● **EXERCISE DETAILS**: Word for word, retype the lines from the one containing "해변을 가로질러 걷고 있는 두 명의 여성" to the one containing "Paire de fauteuils" below, keeping both end lines and dropping the pictures.

● **INFORMATION GIVEN**:
=== Begin Enclosure ===
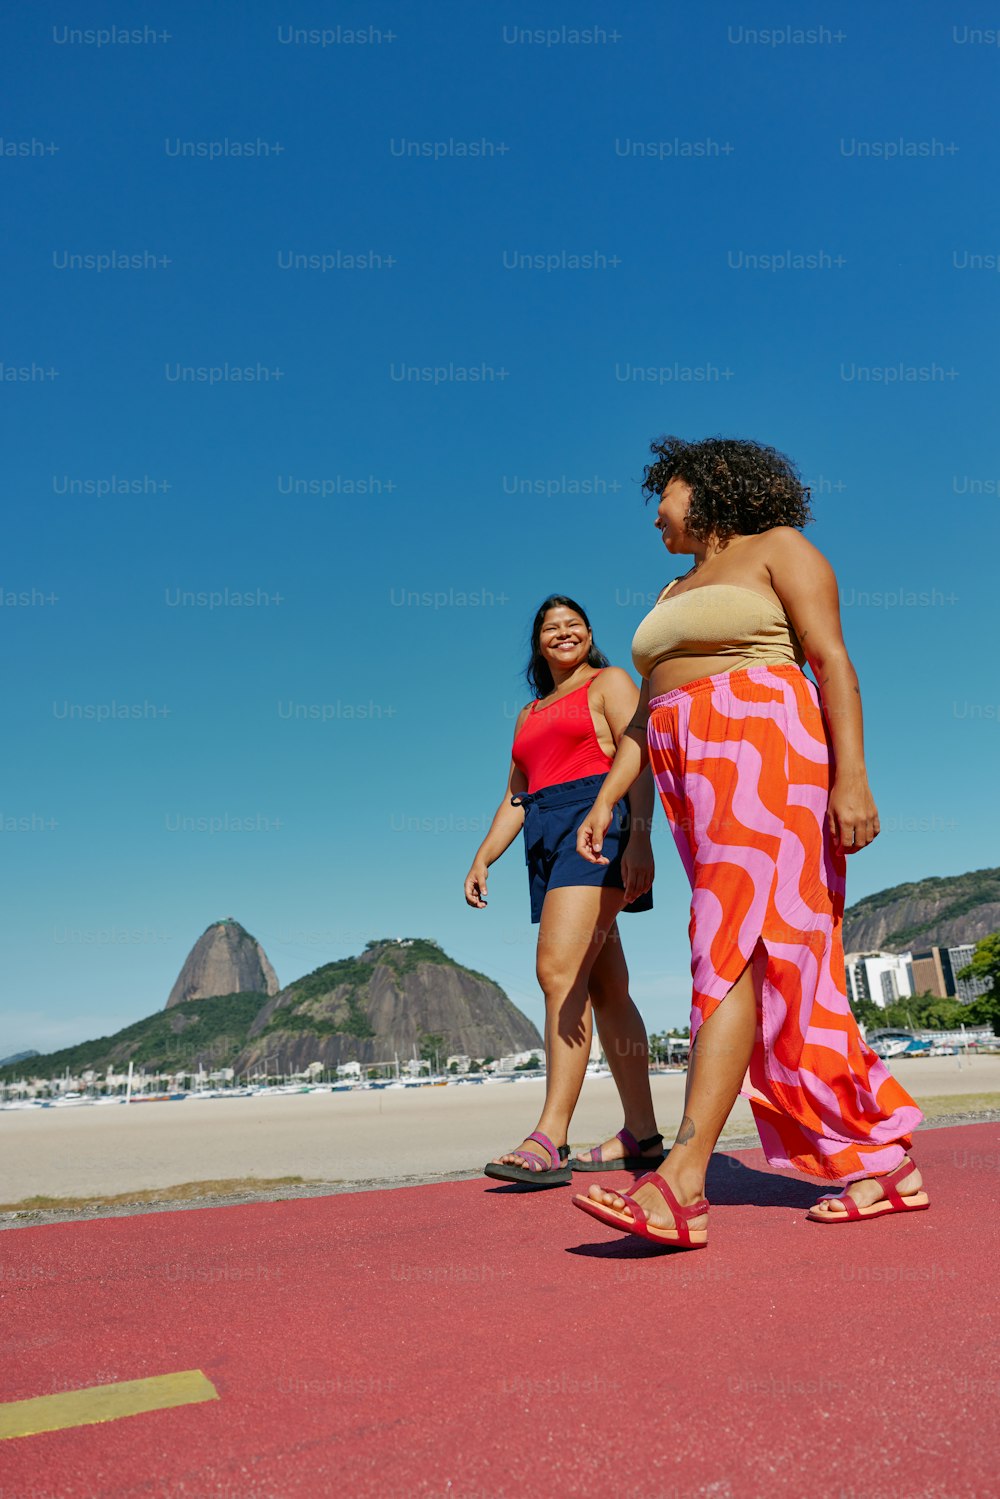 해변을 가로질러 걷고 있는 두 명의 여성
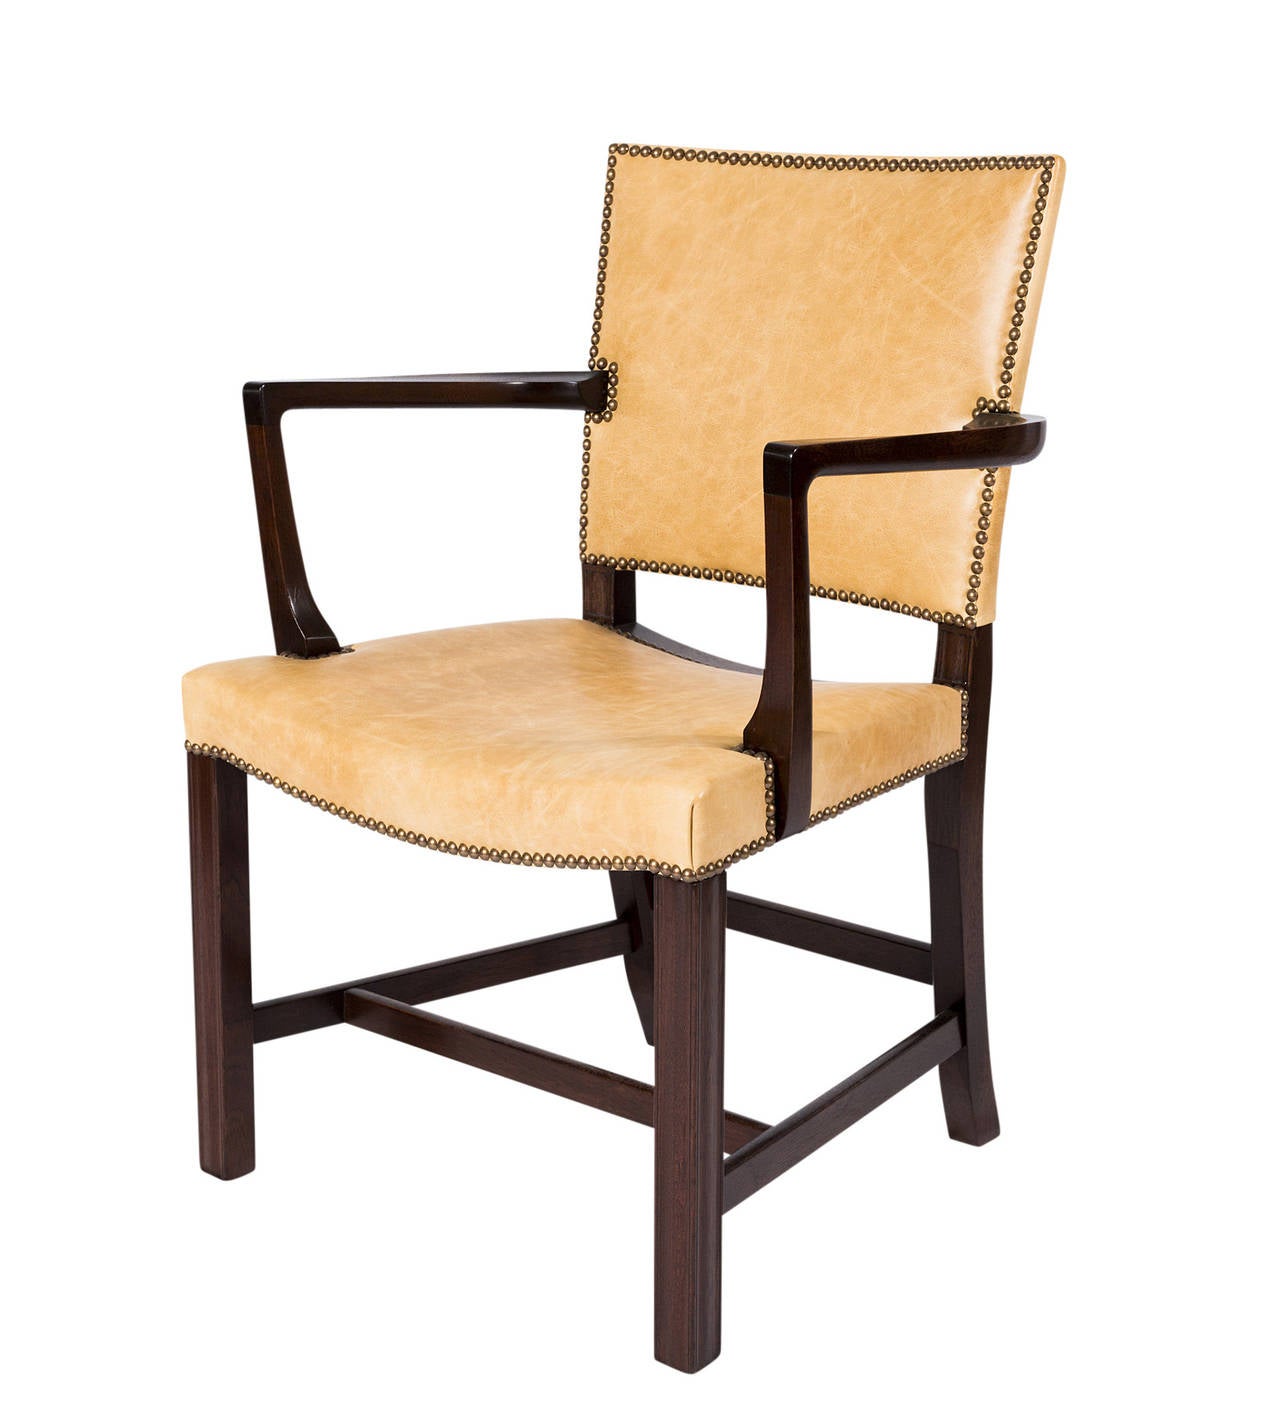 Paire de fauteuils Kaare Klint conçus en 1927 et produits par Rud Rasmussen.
=== End Enclosure ===
=== Begin Enclosure ===
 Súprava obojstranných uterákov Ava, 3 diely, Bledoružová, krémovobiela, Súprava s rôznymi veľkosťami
=== End Enclosure ===
● **TASK SOLUTION**:
 해변을 가로질러 걷고 있는 두 명의 여성
 Paire de fauteuils Kaare Klint conçus en 1927 et produits par Rud Rasmussen.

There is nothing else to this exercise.